1. Что понимает А.К. Жолковский под интертекстуальным подходом?
2. Что, по мнению ученого, происходит под пером Бродского с пушкинским текстом на уровне синтаксиса, лексики, интонационно-ритмической организации?
3. Сводится ли суть 6-го сонета к пародированию оригинала или же современный поэт вносит в него что-то свое?
4. Чем обогащается прочтение сонета на фоне других текстов Бродского?
5. Какие уровни текста анализирует А.К. Жолковский в попытке ответить на вопрос: теснит ли Бродский пушкинский вариант структурно?
6. Какова открытая ученым интертекстуальная подоплека 6-го сонета Бродского?
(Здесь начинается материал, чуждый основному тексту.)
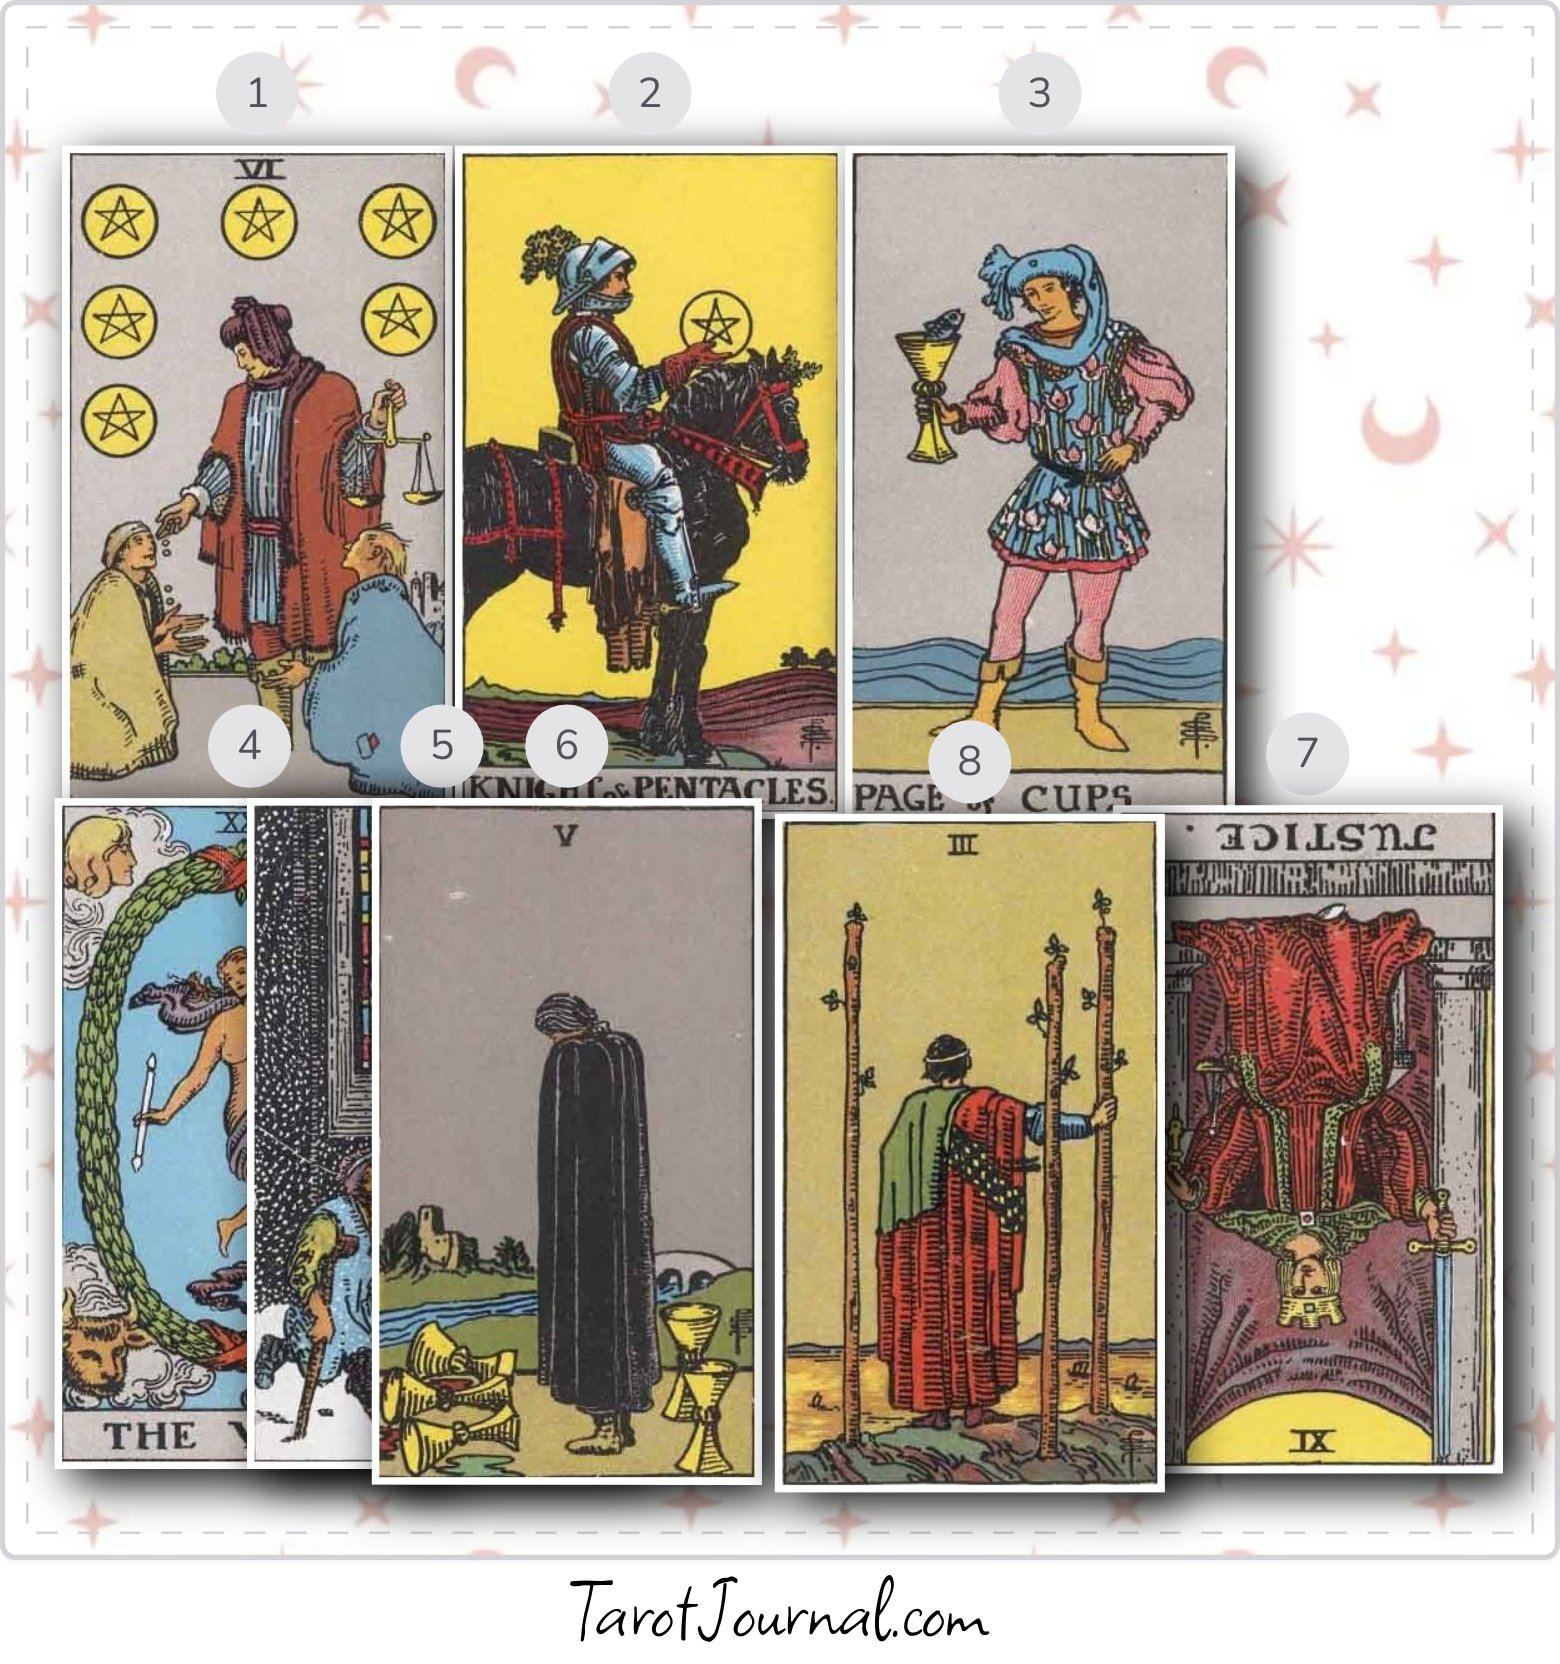 First tarot read (learning) what would this mean? - tarot reading by Harmon

Анализ крупных художественных систем
И.П. СмирновМегаистория. К исторической типологии культуры[47]47
Смирнов И.П. Мегаистория. К исторической типологии культуры: Очерки по исторической типологии культуры. – М.: Аграф, 2000. – С. 11, 20–28, 30–34, 36, 38–43, 46.
[Закрыть]
<…> Предлагаемая ниже диахроническая концепция литературы (как части культуры) наследует представлениям, изложенным в монографии: И.П. Смирнов, Художественный смысл и эволюция поэтических систем (Москва, 1977). В то же время по своим задачам и решениям данная работа ощутимо отличается от предыдущей, в которой прежде всего изучался процесс трансформаций, обеспечивающих стадиальный переход от одного семантического ансамбля к другому. На этот раз первоочередное внимание было направлено уже не столько на историю преобразований литературных ансамблей, сколько на историю их типов. Иначе говоря, если в одном случае речь шла о том, почему и как на диахронической оси старое изживает себя и вытесняется новым, то во втором случае был выдвинут вопрос о сопоставимости старого и нового, о различных историко-культурных версиях инвариантных смысловых структур (11).
<…> Процесс диахронических трансформаций протекает, по предположению, так, что два фундаментальных, инвариантных типа сознания, один из которых отождествляет знаки с референтами, а другой – референты со знаками, поочередно проявляются в варьирующихся диахронических системах {X}, {X }, {Х2}, … {Хп}, которые разнятся между собой соотношением данных и искомых компонентов смысла, т. е. эти диахронические системы распадаются каждая на две взаимодополняющие системы, условно говоря, на «первичную» и «вторичную».
Доказательству и конкретизации этого положения на примере прежде всего «первичных» фаз диахронического движения и будет посвящена наша работа. При этом мы не ставили вопросов о том, какова парадигма диахронических систем в целом и чем обусловлен тот, а не иной порядок исторического расположения ее элементов (20).
Под отягощенным омонимией термином «реализм» мы будем понимать ту художественную систему, которая формировалась и трансформировалась на протяжении 1840 – 1880-х гг. В начале этой фазы культурного развития реализм сосуществовал с романтизмом, в конце – с символизмом. Отчленить поздний романтизм от ранних реалистических опытов порой столь же трудно, как и провести грань между угасающим реализмом и зарождающимся символистским движением (проблема Гоголя, с одной стороны, и Чехова, – с другой). Эта дифференциация может быть уверенно выполнена лишь тогда, когда реализм будет осмыслен как целостное (и в целом неповторимое) эстетическое образование. Между тем обычным является мнение, согласно которому реализм, как никакой иной большой стиль, сопротивляется системному изучению. Именно здесь коренится причина парадоксальной исследовательской ситуации: реализм описан более тщательно, чем многие другие литературные эпохи, школы и направления, но в отличие от них остается необъясненным.